[Opening PROVIDED INFORMATION section]

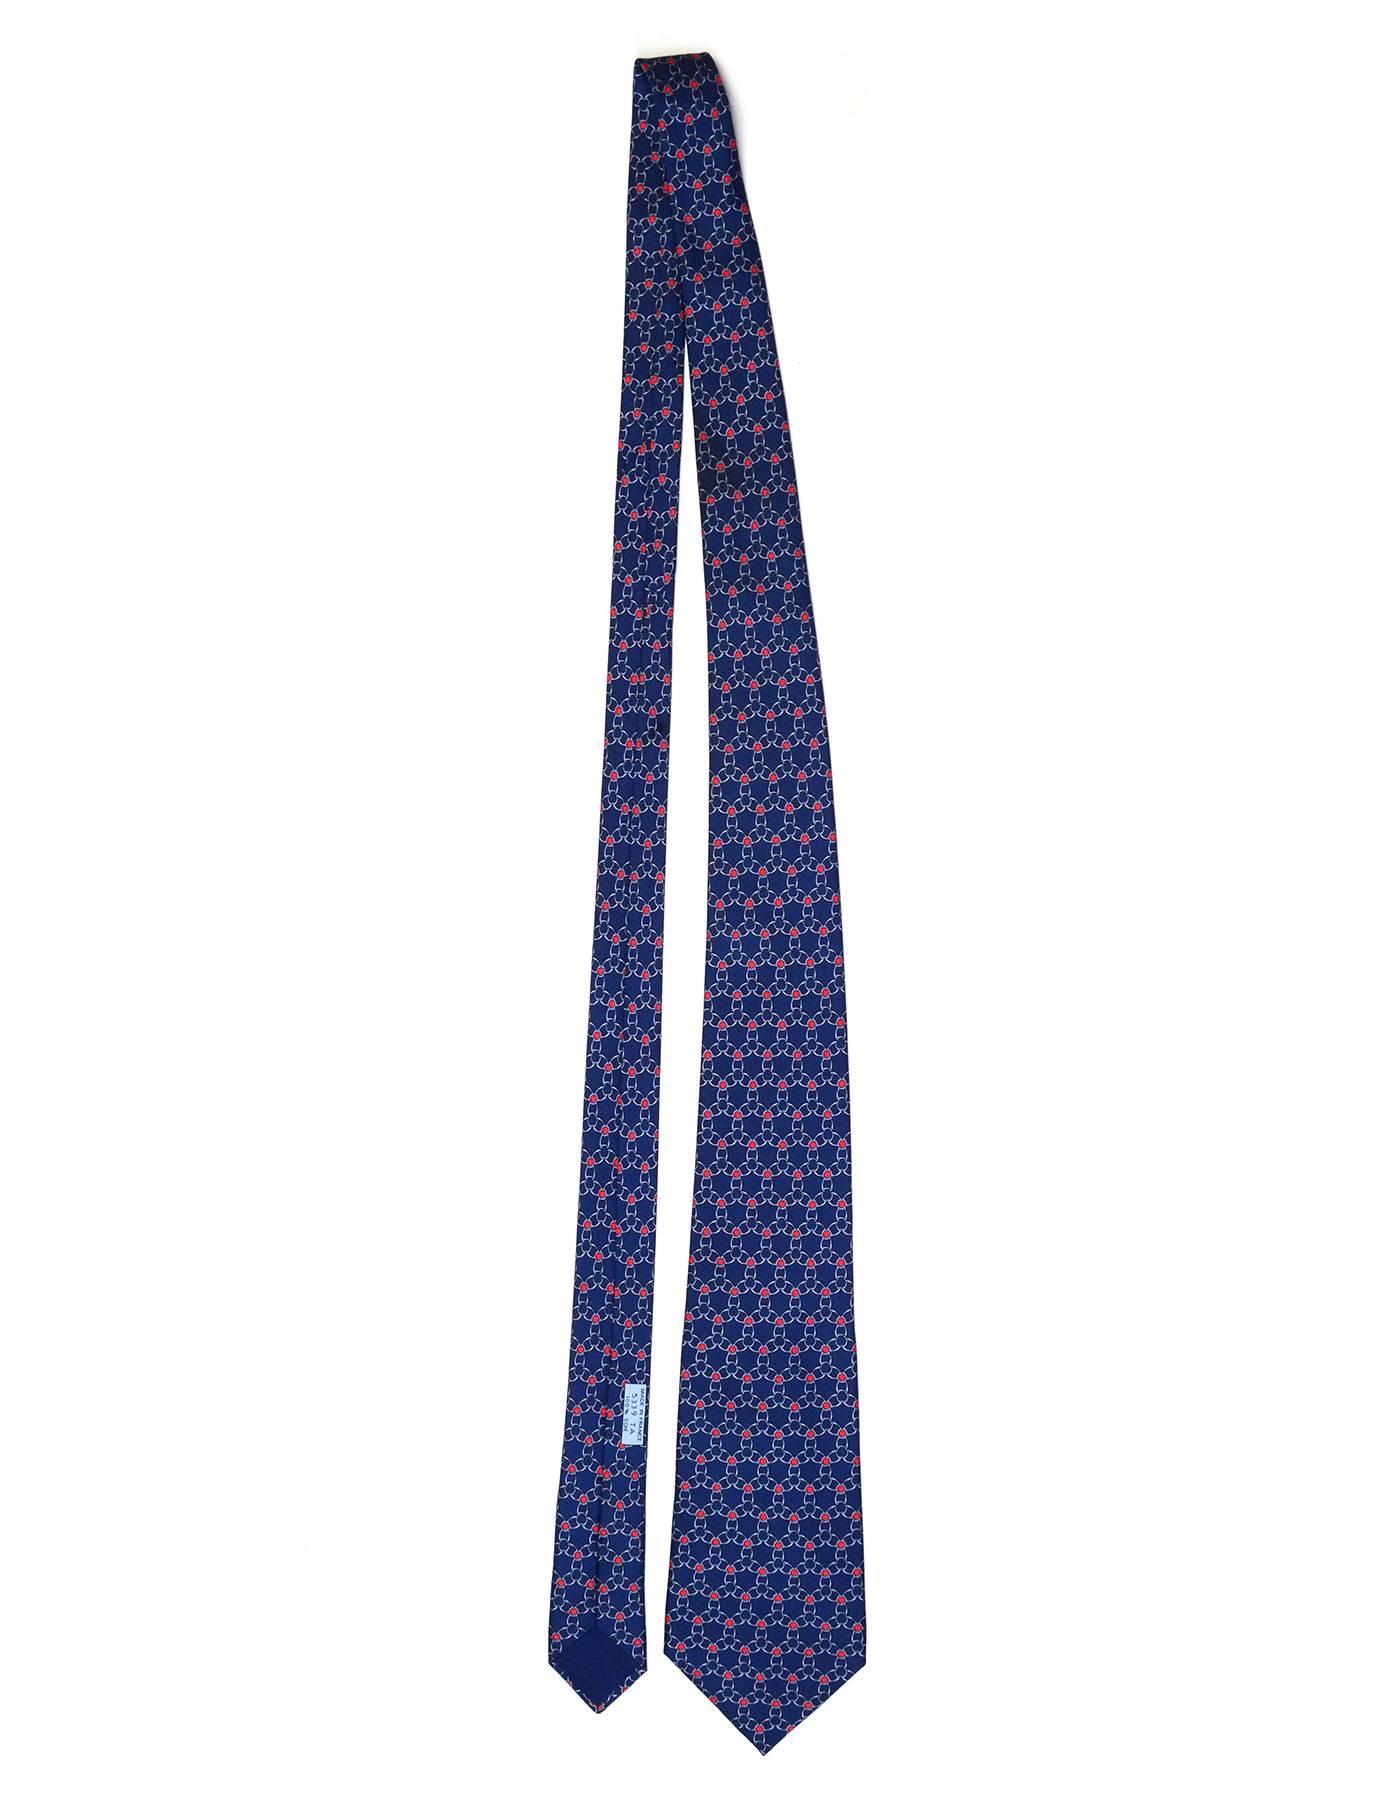 Hermes Red & Navy Woven Chain Print Silk Tie

Made In: France
Color: Red and navy
Composition: 100% silk
Retail Price: $180 + tax
Overall Condition: Excellent pre-owned condition
Measurements: 
Length: 62"
Width: 2"-3.75"
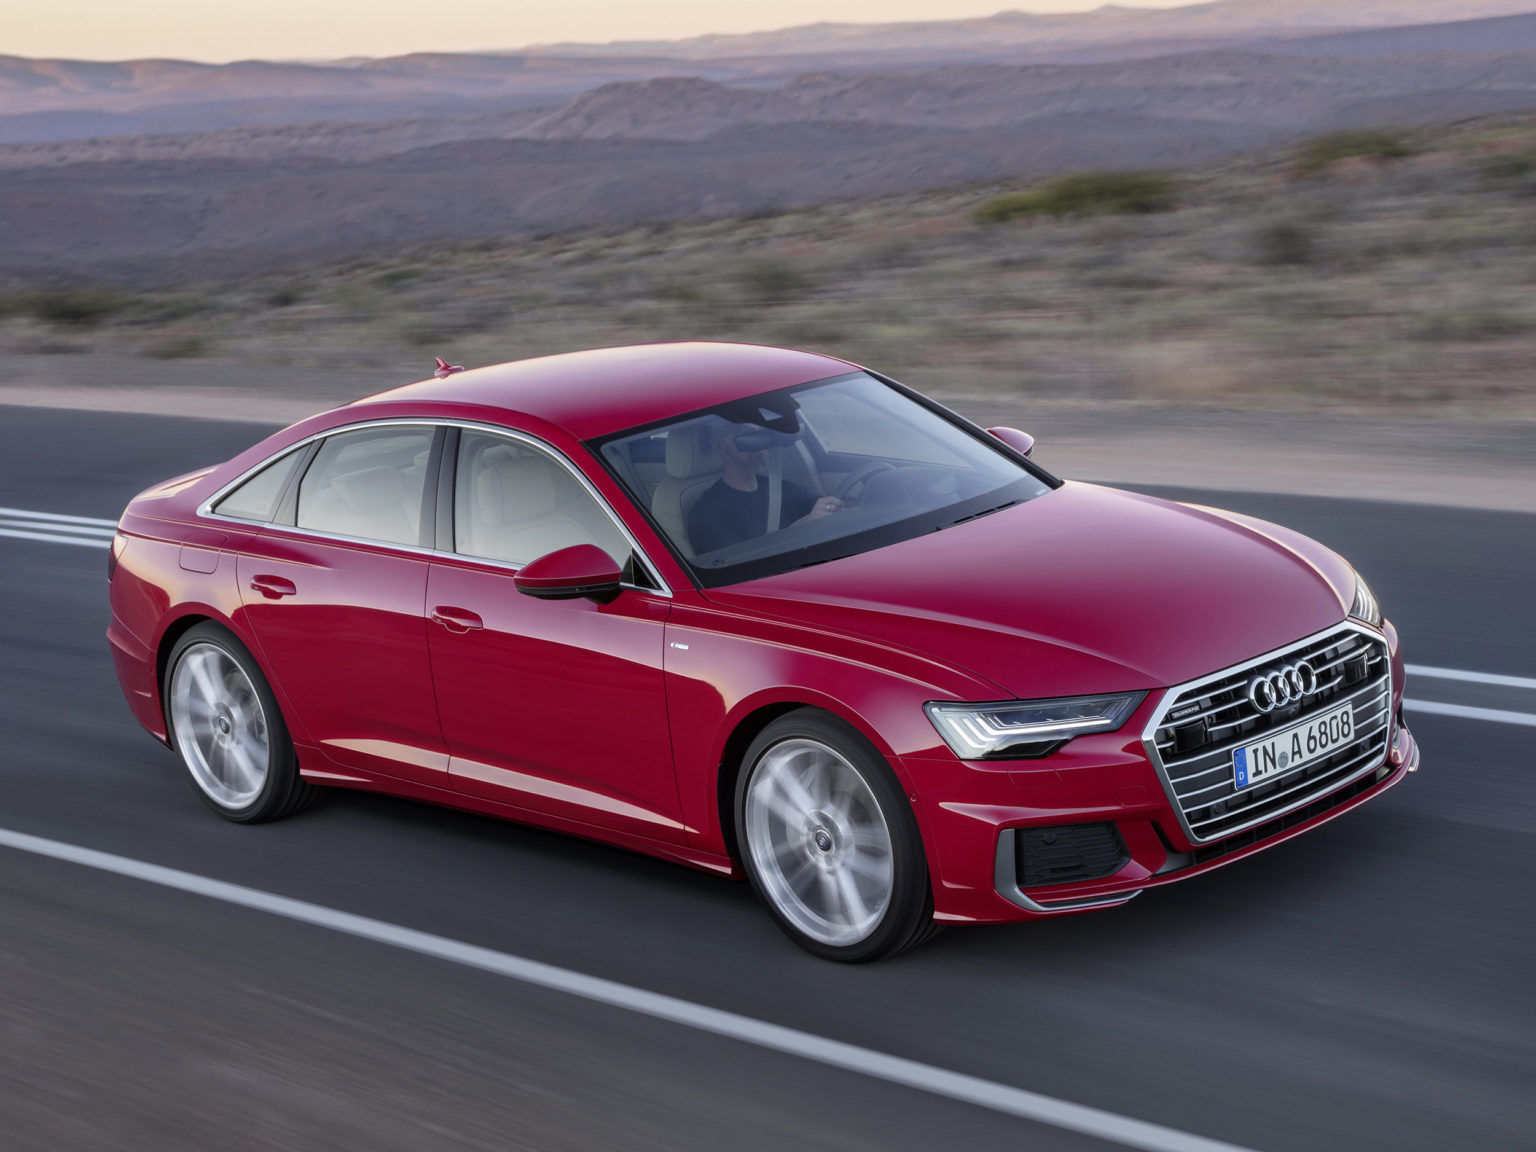 This Audi A6 sports a Red Metallic paint job.

[Closing PROVIDED INFORMATION section]

**INSTRUCTIONS TO FOLLOW**: A word-for-word copy of the lines from the one containing "Retail Price: $180 + tax" through the last line of the records is what is wanted, without pictures and without any other line.

**ANSWER FOR THIS EXERCISE**:
Retail Price: $180 + tax
Overall Condition: Excellent pre-owned condition
Measurements: 
Length: 62"
Width: 2"-3.75"
 This Audi A6 sports a Red Metallic paint job.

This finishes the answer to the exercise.